Converts all numbers English written into digits of the provided text.

Windows

Requirements

Microsoft Visual C++ (MSVC) compiler toolset.
CMake: required minimum version is 3.22.
git.

Most of the required software can be installed from the Visual Studio 2022 Installer.

Microsoft Visual C++ (MSVC) compiler toolset: Workloads tab, Desktop development with C++ item.
CMake: Individual components tab, Compilers, build tools, and runtimes section, C++ CMake tools for Windows item.
git: Individual components tab, Code tools section, Git for Windows item.

Clone

From a cmd:

C:\projects> git clone https://github.com/rturrado/word_converter.git

Config

There are several options to run CMake from Visual Studio.

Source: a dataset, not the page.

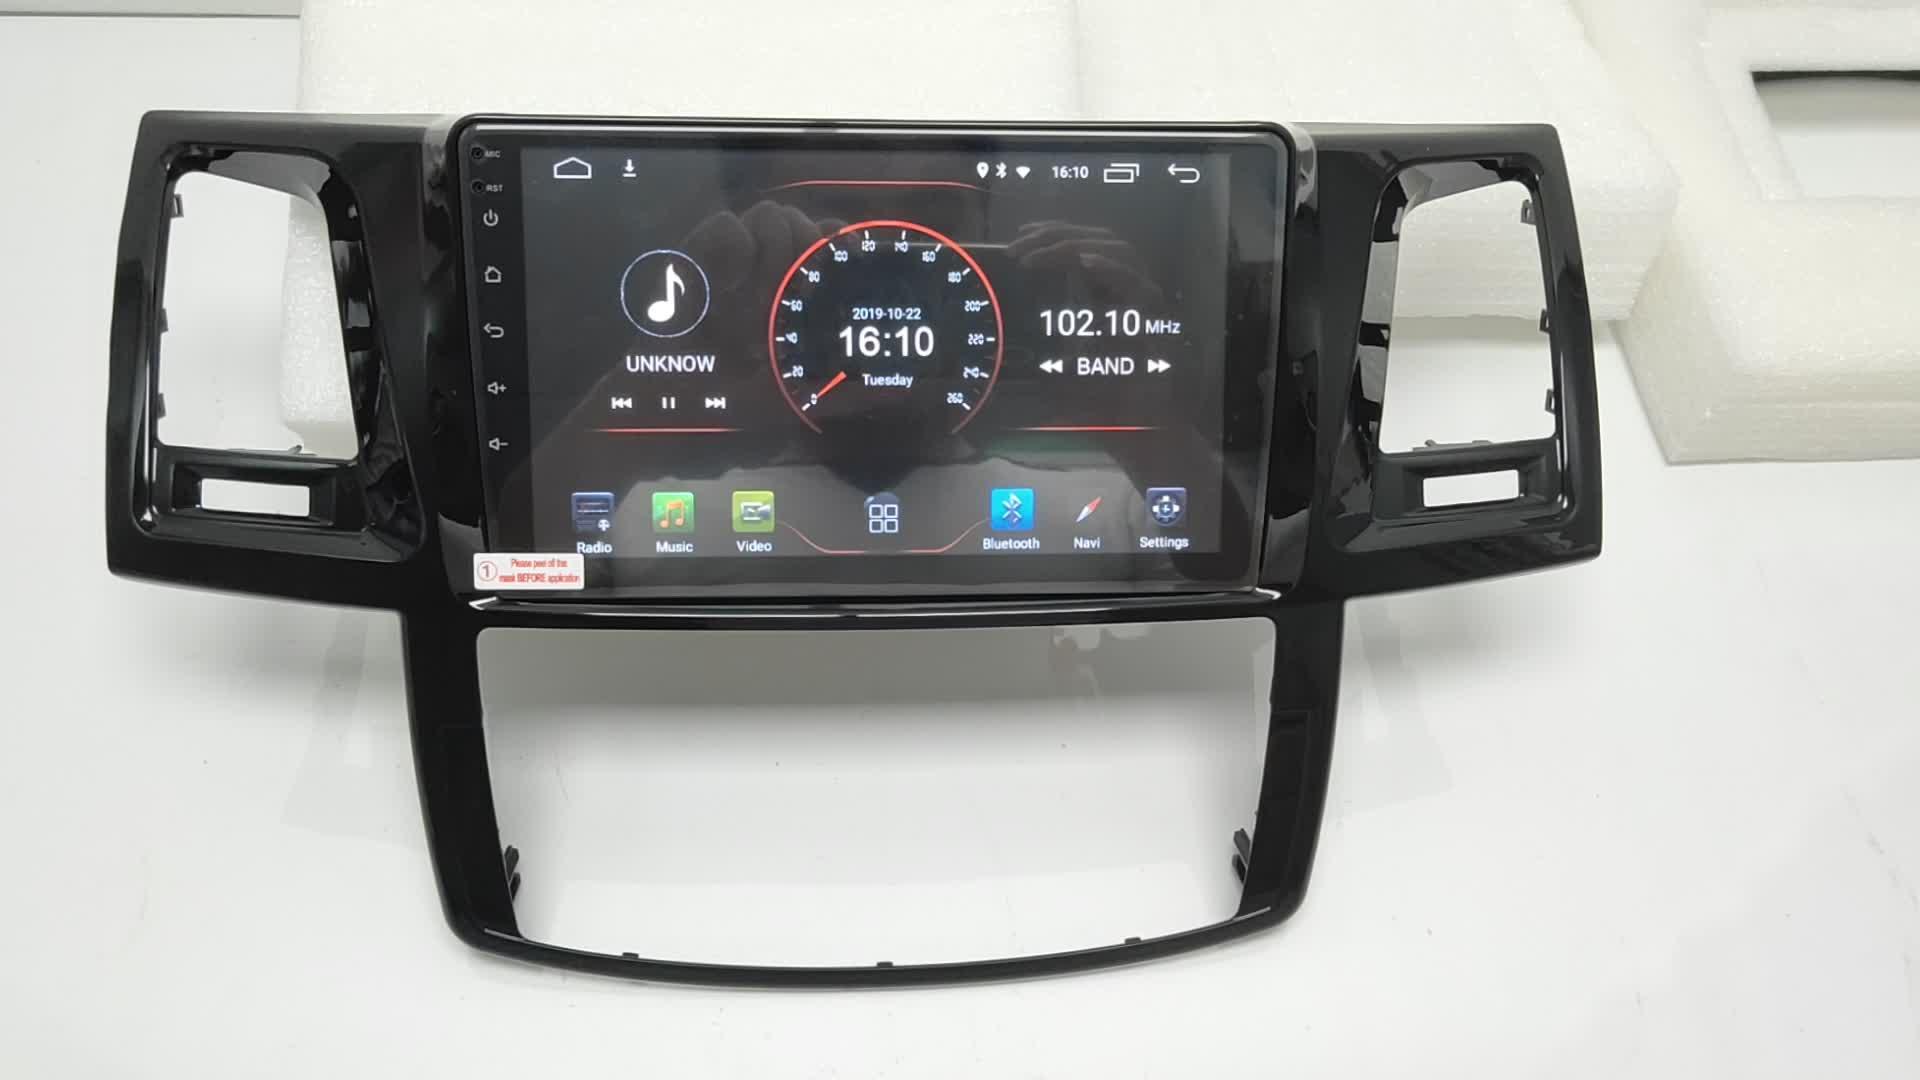 Newnavi アンドロイド 9.0 1 喧騒車のラジオ 10.1 インチのフルタッチスクリーン車のビデオプレーヤーのためのトヨタハイラックス 2012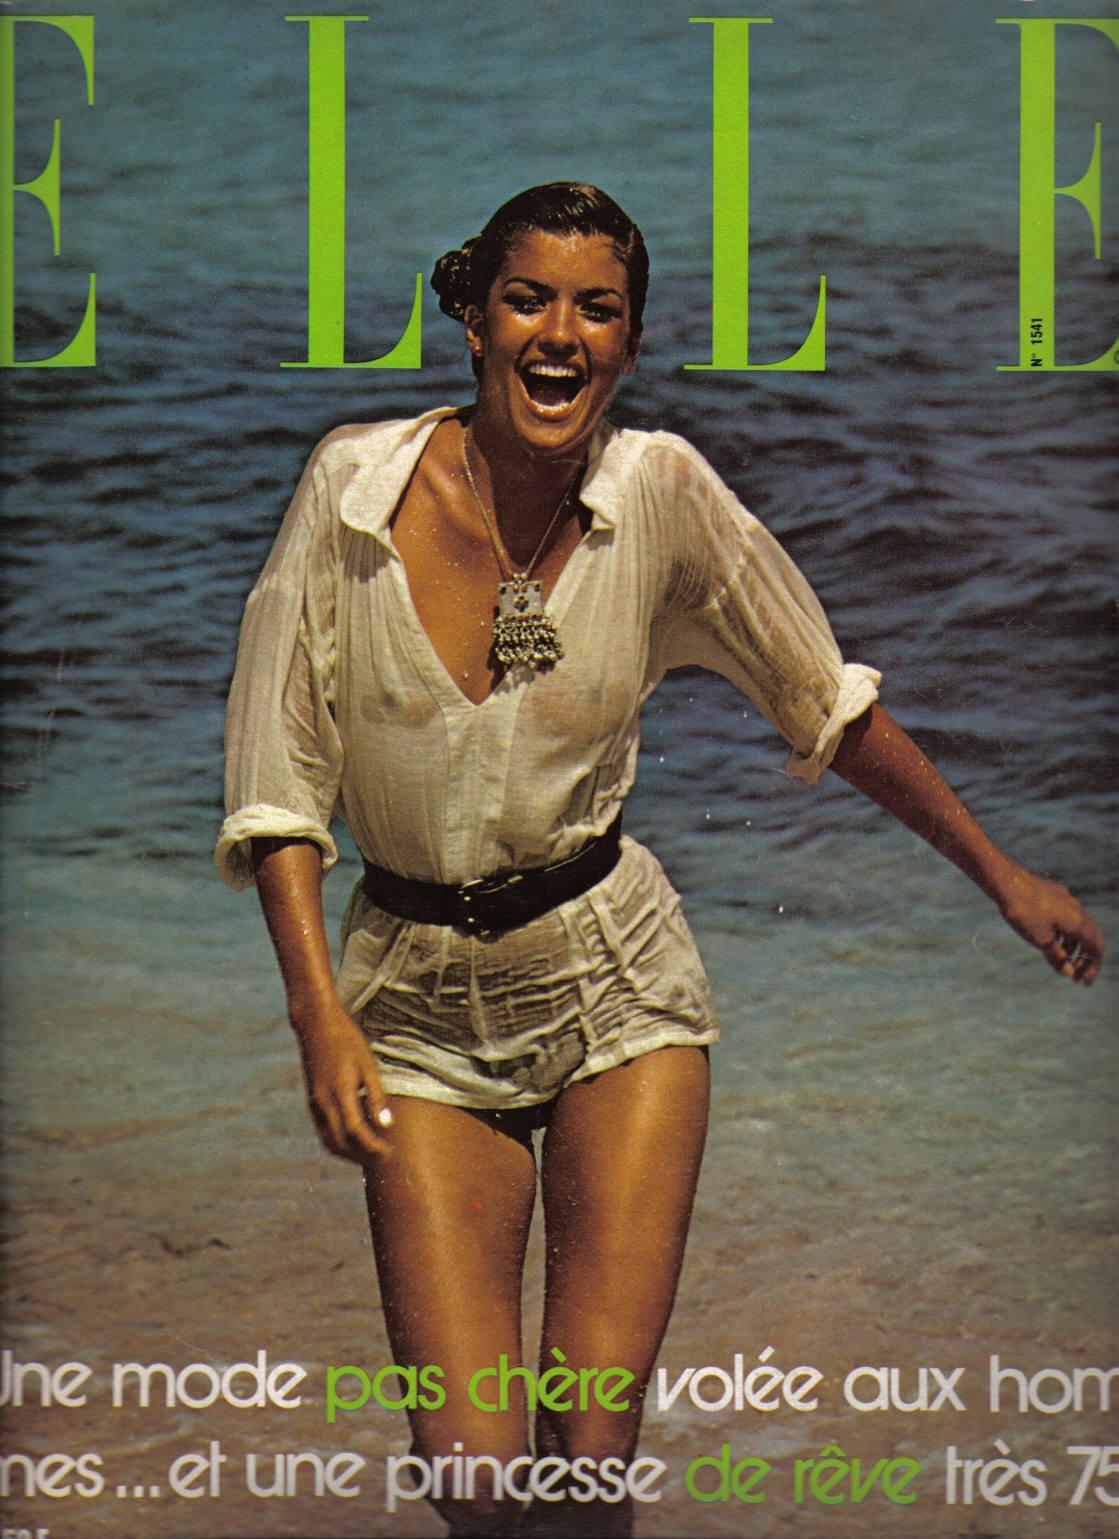 http://1.bp.blogspot.com/_zeh3qtyepq4/TKJRsramnYI/AAAAAAAAA8k/UzwwMUTgUZI/s1600/9f5e1d1613b456e8_Elle_France_July21_1975_-_Janice_Dickinson.jpg

CMake should start automatically when choosing a Configuration and a Build Preset (e.g. msvc Debug (tests) and Build windows-msvc-debug (tests)) in the tool bar.
CMake can be started manually from the Configure Cache option in the Project menu.
Finally, CMake can also be started manually from a Developer Command Prompt (Tools menu, Command Line option):

C:\projects\word_converter> cmake --preset windows-msvc-debug-tests

Build

From Visual Studio, once CMake finishes, type CTRL+B or build from Build > Build All menu.

Or, from the command line:

C:\projects\word_converter> cmake --build --preset windows-msvc-debug-tests

Build presets

The following build presets are available (the configuration presets have the same name):

Debug:
- windows-msvc-debug-tests: tests enabled.
- windows-msvc-debug-github: tests and asan enabled. This is the Debug preset used in GitHub Actions.
Release:
- windows-msvc-release-tests: tests enabled.

Output binaries

All successful builds will generate:

word_converter.exe: the main binary, a console application that interacts with the user to execute the different problems from the book.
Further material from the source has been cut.